Das war vor zehn Jahren, als niemand ahnte, dass Federer bis 41 spielen würde und noch weitere drei Grand-Slam-Titel holen würde. Fünf der letzten sechs Swiss-Indoors-Turniere gewann Federer. Jetzt aber stehen gezwungenermassen wieder die internationalen Stars im Fokus. Hätte nicht Rafael Nadal in den letzten Wochen noch den zweiten Weltranglistenplatz zurückerobert und Casper Ruud auf Platz Nummer 3 zurückgedrängt, die Swiss Indoors hätten wie 1998 und 1999 die Nummern 1 (Carlos Alcaraz) und 2 am Start gehabt.
Standortfrage
Trotz der Euphorie über die grandiose Klasse des aktuellen Teilnehmerfeldes, ziehen am Horizont auch Wolken auf. Der Vertrag des Turniers mit der St. Jakobshalle läuft noch bis und mit 2023. Brennwald droht, diesen Kontrakt zu den aktuellen Bedingungen nicht mehr verlängern zu wollen. Wie die allermeisten Sport-Events und -Spitzenklubs haben auch die Swiss Indoors ein angespanntes Verhältnis zur Stadt Basel und ihrer rot-grünen Regierung. Die Miete der Halle kostet das Turnier rund 700'000 Franken. Und die vor vier Jahren fertig-sanierte und modernisierte St. Jakobshalle löste die Probleme der Swiss Indoors nicht. Der Aufbau der Tribünen kostet alljährlich weitere rund zwei Millionen Franken. In diesem Sommer kamen mit zwei Kantonen (Basel-Stadt und Basel-Land) Diskussionen um Fluchtwege auf – mit der Folge, dass das Turnier die Kapazität um 480 Sitzplätze reduzieren musste.

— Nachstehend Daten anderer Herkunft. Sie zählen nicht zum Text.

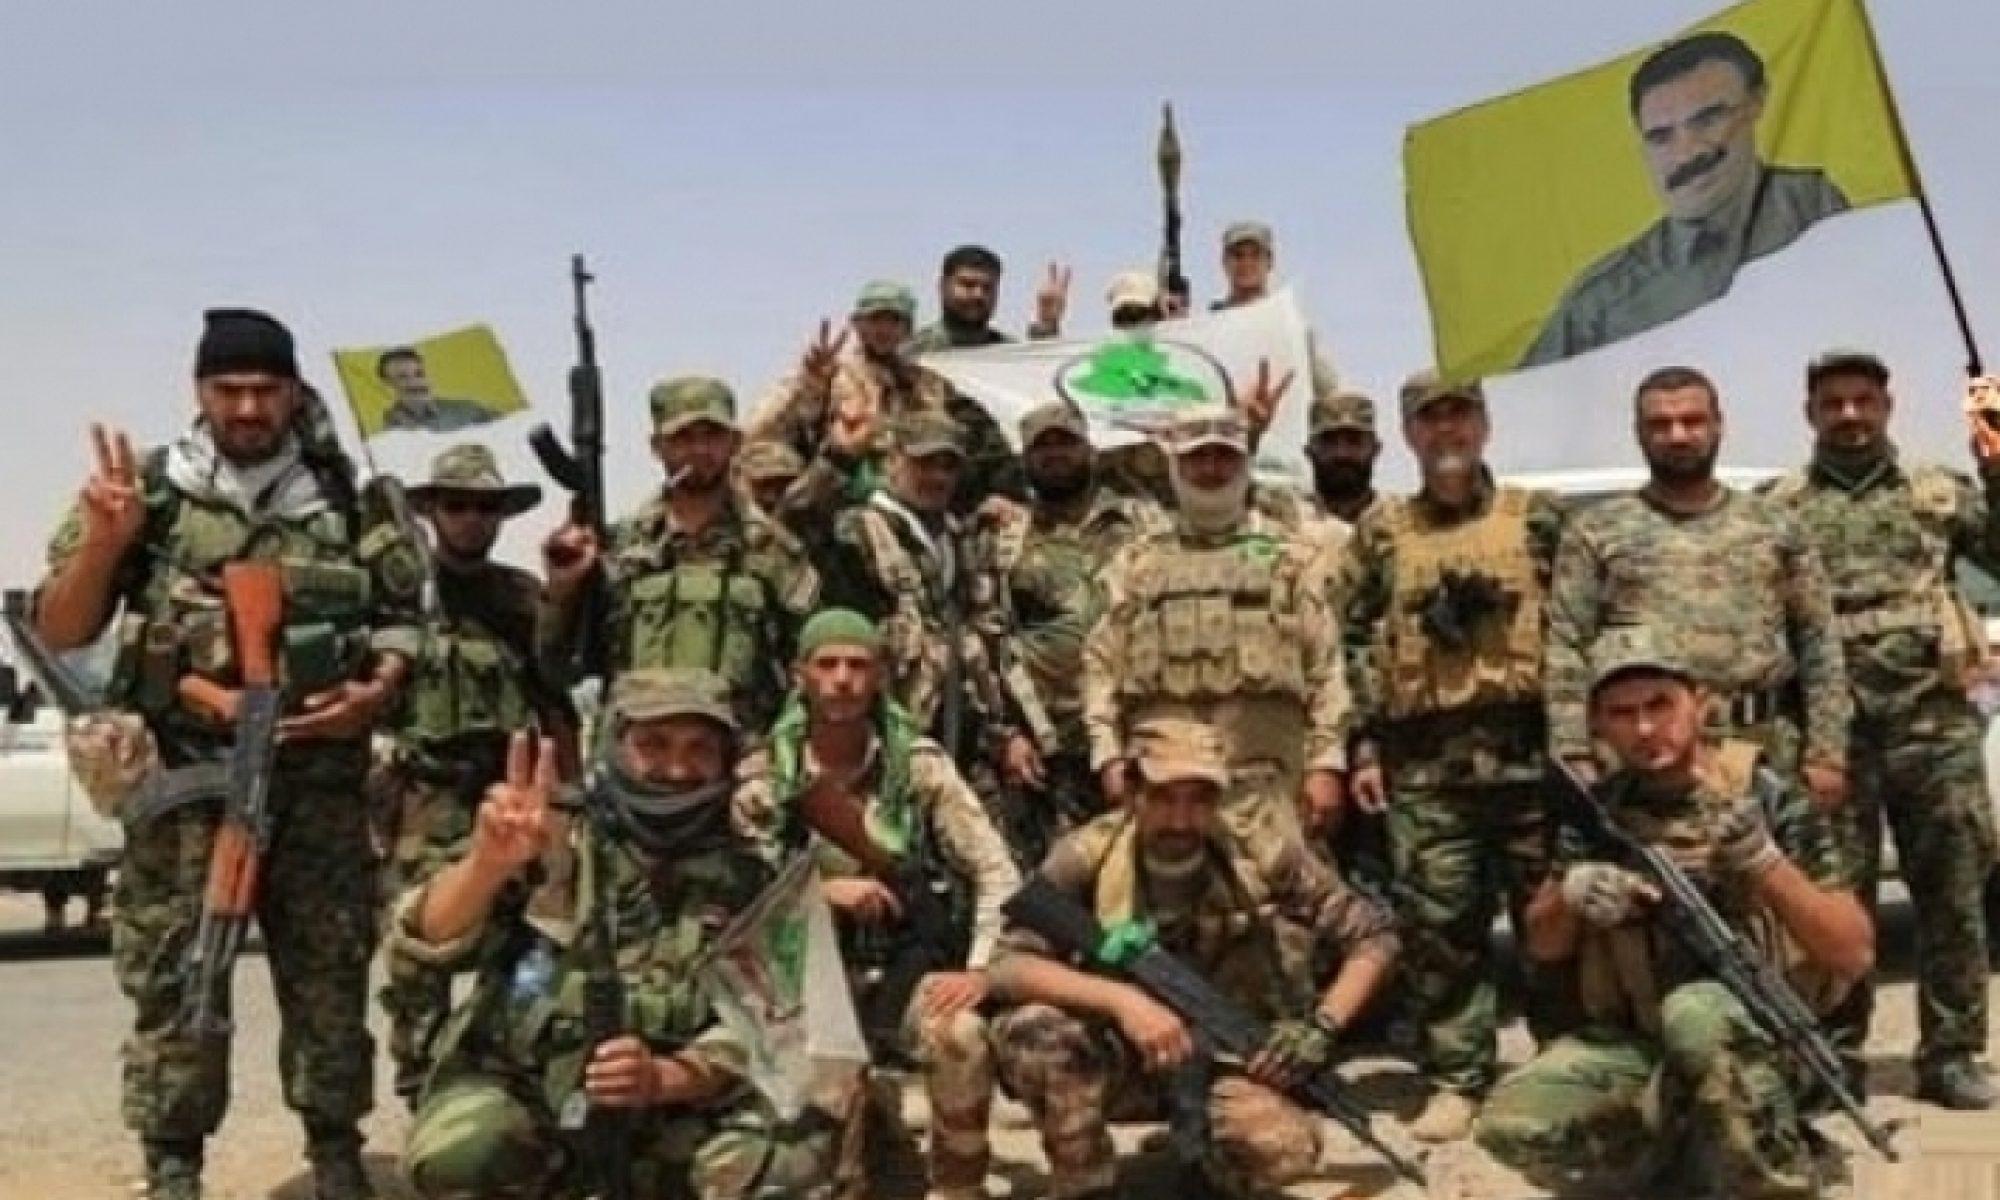 Şengal Peşmerge Güçleri Komutanı Qasim Dirbo, Şengal'deki PKK'ye bağlı silahlı grupların, Haşdi Şaabi'nin yardımıyla Irak'tan maaş aldıklarını söyledi. Şengal Peşmerge komutanı Qasim Dirbo BasNews'e yaptığı açıklamada, Şengal'deki PKK bağlantılı silahlı grupların kendilerini Haşdi Şabi güçlerine bağlayarak bu şekilde Irak'ın maaş sistemine kaydedildiklerini ve Bağdat'tan maaş aldıklarını belirterek geçen ay, bu silahlı grup üyeleri için kişi başına 1 milyon Irak Dinar'ı ödeme yapıldığını ifade etti. Qasim Dirbo açıklamasının devamında, PKK'nın bu üyelerine maaşlarının tümünü ödemediğini, sadece 400 dolar kişi başına verdiğini, geri kalan diğer miktarını kendi hesaplarına geçirdiklerini söyledi. Şengal Güçleri Peşmerge Sorumlusu Qasim Dirbo açıklamasının sonunda, Bağdat'ın PKK'ye bağlı silahlı güçlerin maaşlarını sağlamaya devam ettiğini belirterek, Haşdi Şabi'nin İran'a bağlı olduğunu herkes tarafından bilindiğini, bu yüzden hiç kimsenin PKK güçlerini engelleyip Şengal'e barış ve huzurun getirileceğine inanmadığını kaydetti.

Für 2024 holten die Swiss Indoors Alternativ-Offerten ein. In Frage kommen noch in Genf der Palexpo und die Zuger Eishalle. Ein Umzug nach Genf wäre wirtschaftlich lukrativ, aber schwierig zu vollziehen, weil Genf bereits ein ATP-Turnier beherbergt und die Tour eine Konkurrenzierung dieses mittlerweile starken Sand-Events (mit der Tiriac-Gruppe im Rücken) kaum genehmigen würde. So stehen in der Standort-Diskussion vorerst nur Drohungen im Raum. Roger Brennwald stellte im Interview mit der Basler Zeitung klar: «Wir setzen alles daran, das Turnier in unserer Stadt Basel fortzuführen. Wir wollen das Turnier auf dem bisherigen Niveau halten und weiterführen.»